¡qué familia de mierda!

Capítulo 15: Libre (1)

Esa mañana, después de apenas haber pegado un ojo la noche anterior debido a su sufrimiento estomacal que solo tendía a empeorar, Dolores amaneció con su mente saturada de pensamientos y con su pecho oprimido por el sentimiento de culpa a raíz de tantas cosas pasadas que ya no podían cambiarse. Ella no tenía duda alguna, por más que siguiera escarbando allí nunca iba a encontrar su tesoro más anhelado, jamás conseguiría una paz resistente al tiempo. Más resiliencia.

En algún punto la abuela había comenzado a preguntarse qué la llevó hasta allí. Si habrían sido sus elecciones o las reacciones que tuvo ante las elecciones que otros tomaron por ella, no lo sabía. En cuanto a ella lo único seguro es que ya estaba ahí, con un pasado por demás agridulce y un futuro que no prometía demasiado.

—¿Este era el plan? —cuestionó de pie frente a la ventana de la cocina mientras miraba el cielo por un momento.

Inmediatamente después su mirada cayó. El sentimiento de vergüenza se mezclo con la culpa. ¿Cómo era capaz de cuestionar esas creencias tan arraigadas? Las mismas de las que tantas veces había sacado fuerzas para no bajar los brazos. Ella se debía a Él; no era otro que su Dios quien la reconfortaba de manera que la realidad siempre tuviera una interpretación más benevolente. Todo pasaba por algo, detrás de todo había letras divinas grabadas en el firmamento. Mismas de las que nadie con la sensatez del temor a Dios podía poner en duda.

—Sí, soy todo menos perfecta. —Se sinceró—. Nadie lo tiene más claro que yo, pero igual no dejo de ser una persona a la que las cosas le llegan y le pegan.
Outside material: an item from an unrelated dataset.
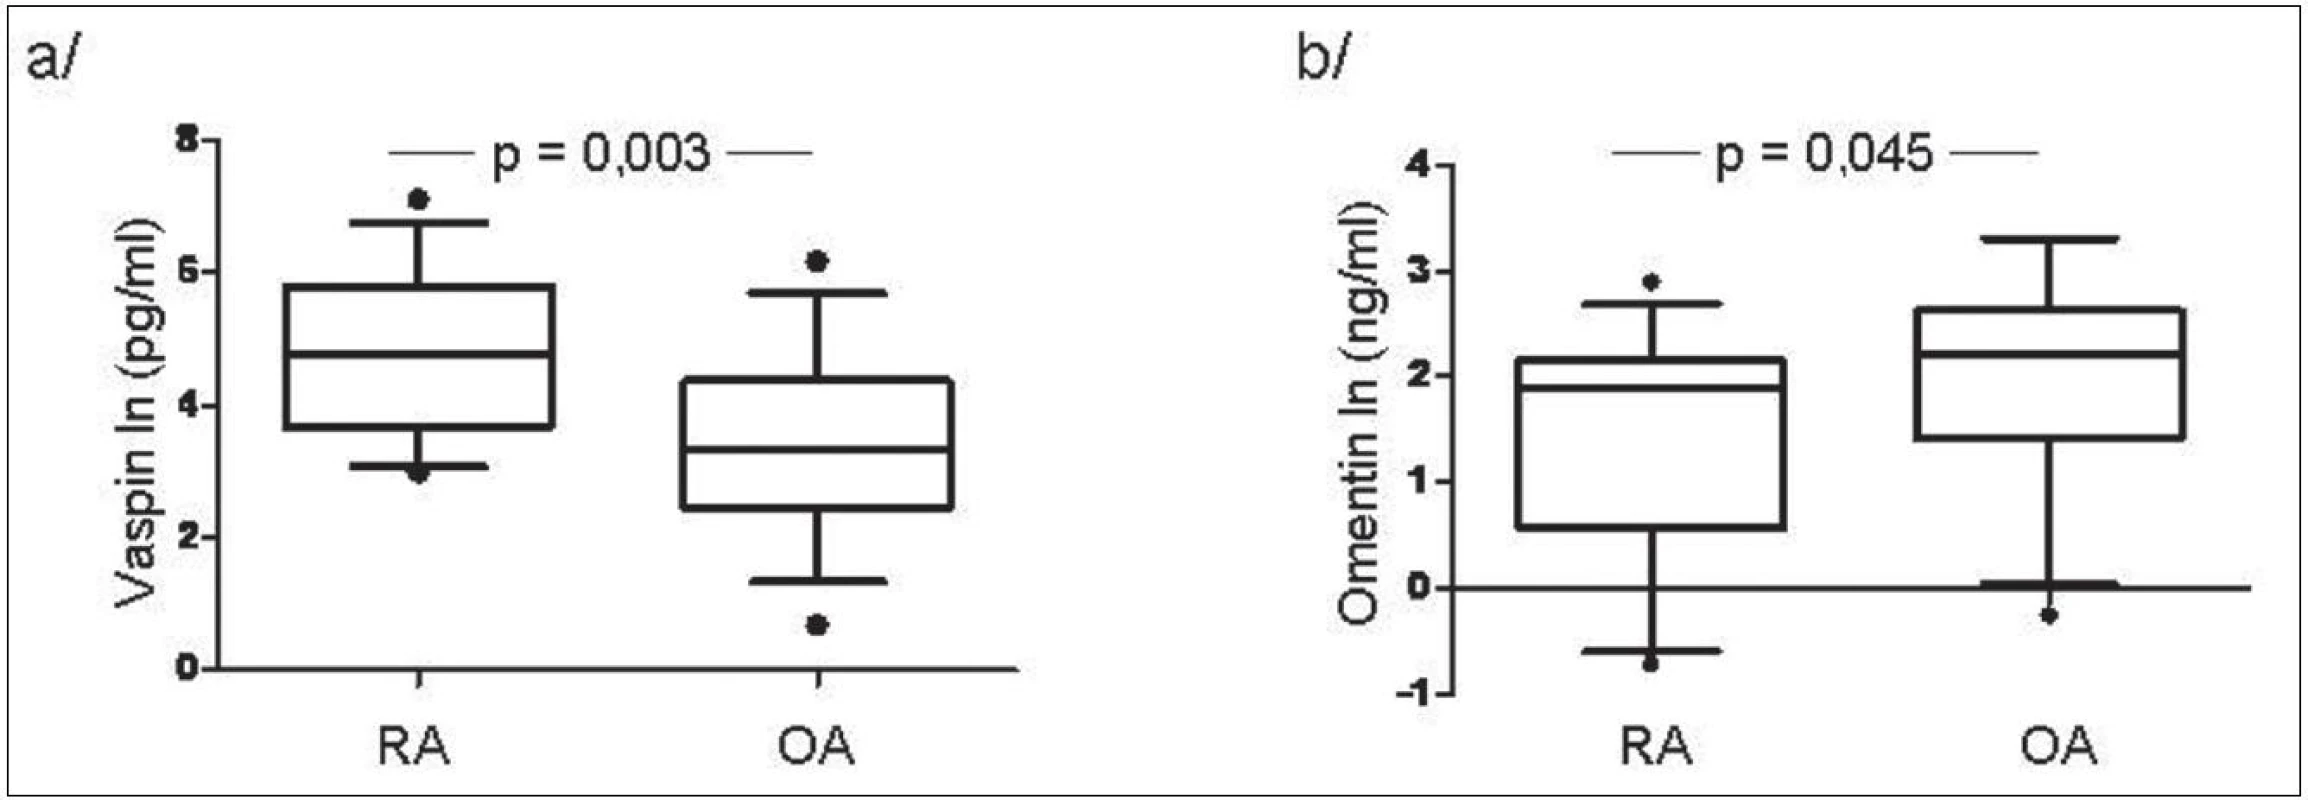 Hladiny vaspinu (a) a omentinu (b) v synoviální tekutině u pacientů s RA a OA.

No puedo tener la piel más dura aunque sé que eso me hubiera ahorra mucha mala sangre. No sé... A veces se es esclavo de todos menos de uno mismo —reflexionó.

Lejos de allí, donde las apariencias eran consideradas tan importantes como las formas mantenidas más allá de toda muestra de intención real, Federico bebía café en soledad. La amplia cocina ni siquiera necesitaba luz artificial durante el día; amplios ventanales cubrían el alrededor. Una espaciosa jaula de cristal que mostraba el exterior. Los beneficios de correr a las ocho de la mañana con ropa deportiva de marcas reconocidas. La ausencia de miedos con guardias que se dedicaban a recorrer el lugar tantas veces al día. Ni un tramo de césped al que se le permitiera la rebeldía de crecer más allá del límite considera aceptable. Y el silencio. Tantas vidas alrededor y para él a veces se sentía como un cementerio lujoso y repleto de nada más que almas en pena todavía con pulso.
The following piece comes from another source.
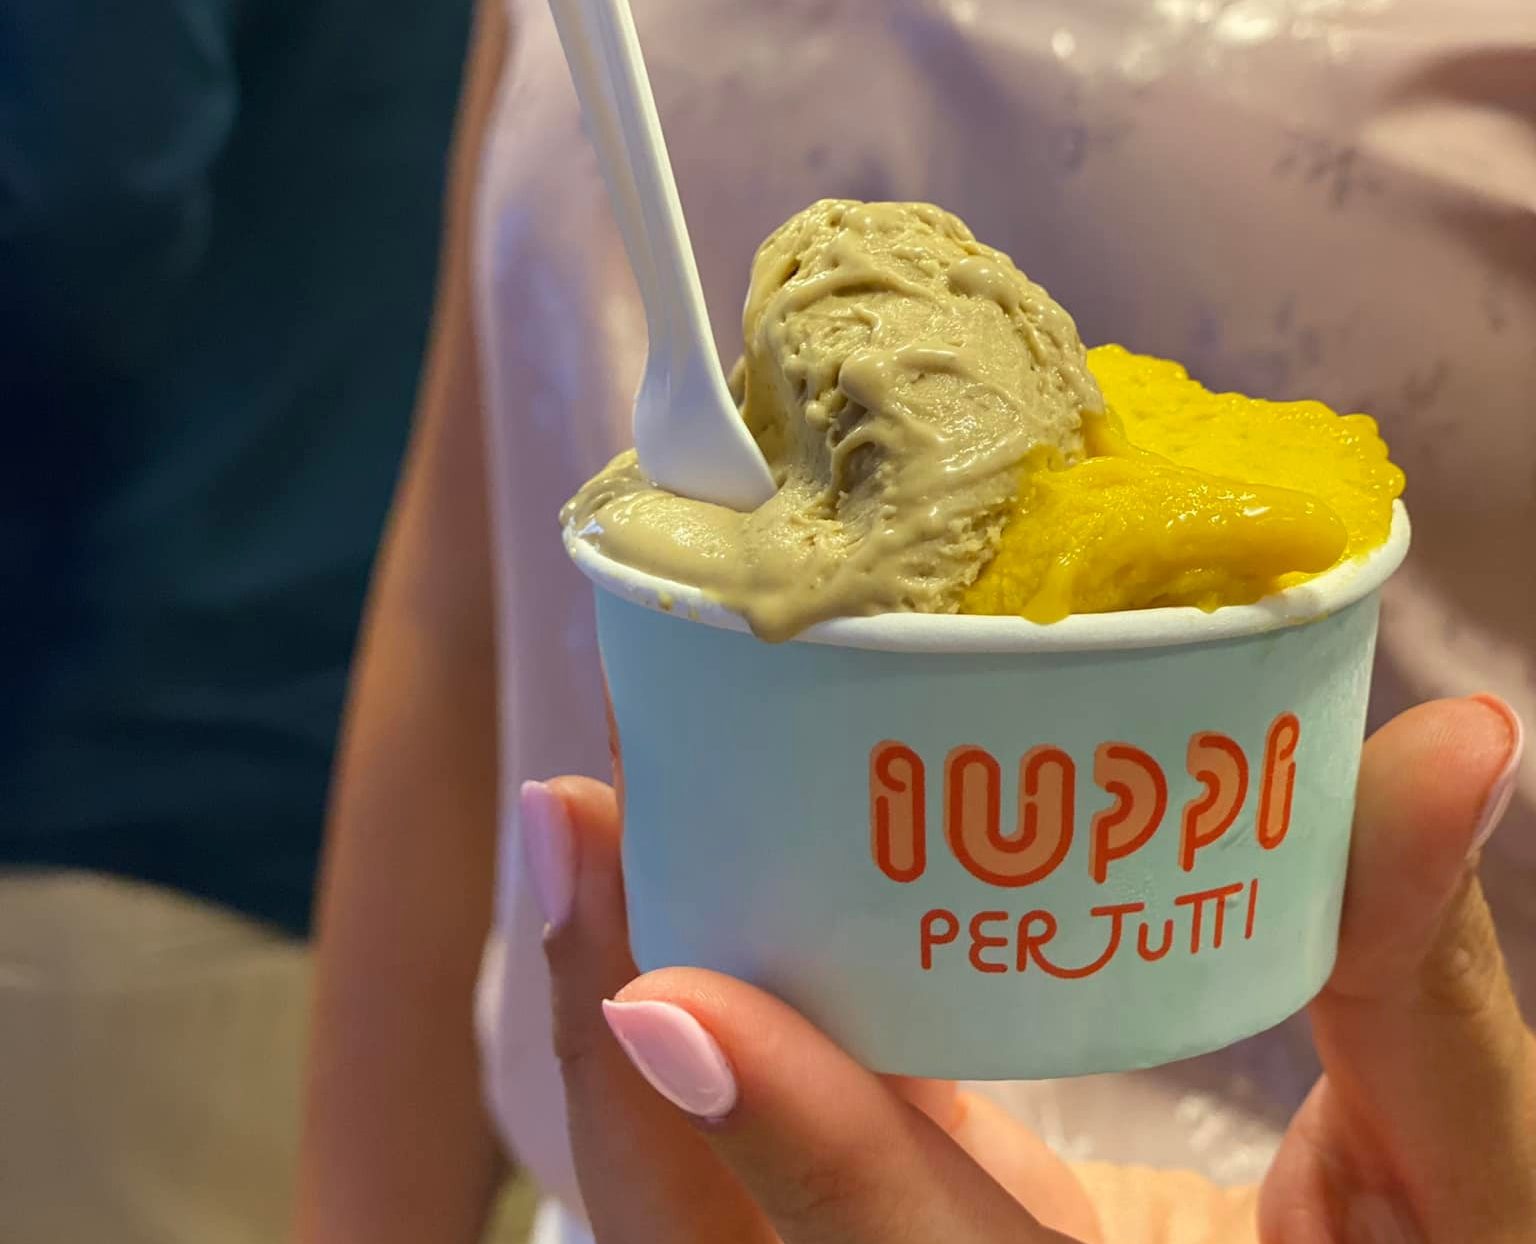 Coppetta di gelato IUPPI per tutti a base di legumi fermentati, gusti colore verde e giallo (pistacchio e mango?)

Minutos antes, Zara que lo había escuchado dejar la habitación, no quiso molestarlo. Su intuición le indicó fingir el sueño. Ella no necesitaba preguntar para saber que él necesitaba algo de tiempo a solas. Con el pendiente de una costumbre ausente bastaba para deducirlo así. Zara al quedarse en soledad por impulso se tocó la mejilla con la mano, nunca había creído que la ausencia del beso que su marido le daba en las mañanas para despertarla podía llegar a sentirse tanto.

Algo que nadie tocó se había roto y todo parecía indicar que en ella caía la responsabilidad de repararlo, algo que, sobra decir, Zara no tenía la mínima pista de cómo hacerlo.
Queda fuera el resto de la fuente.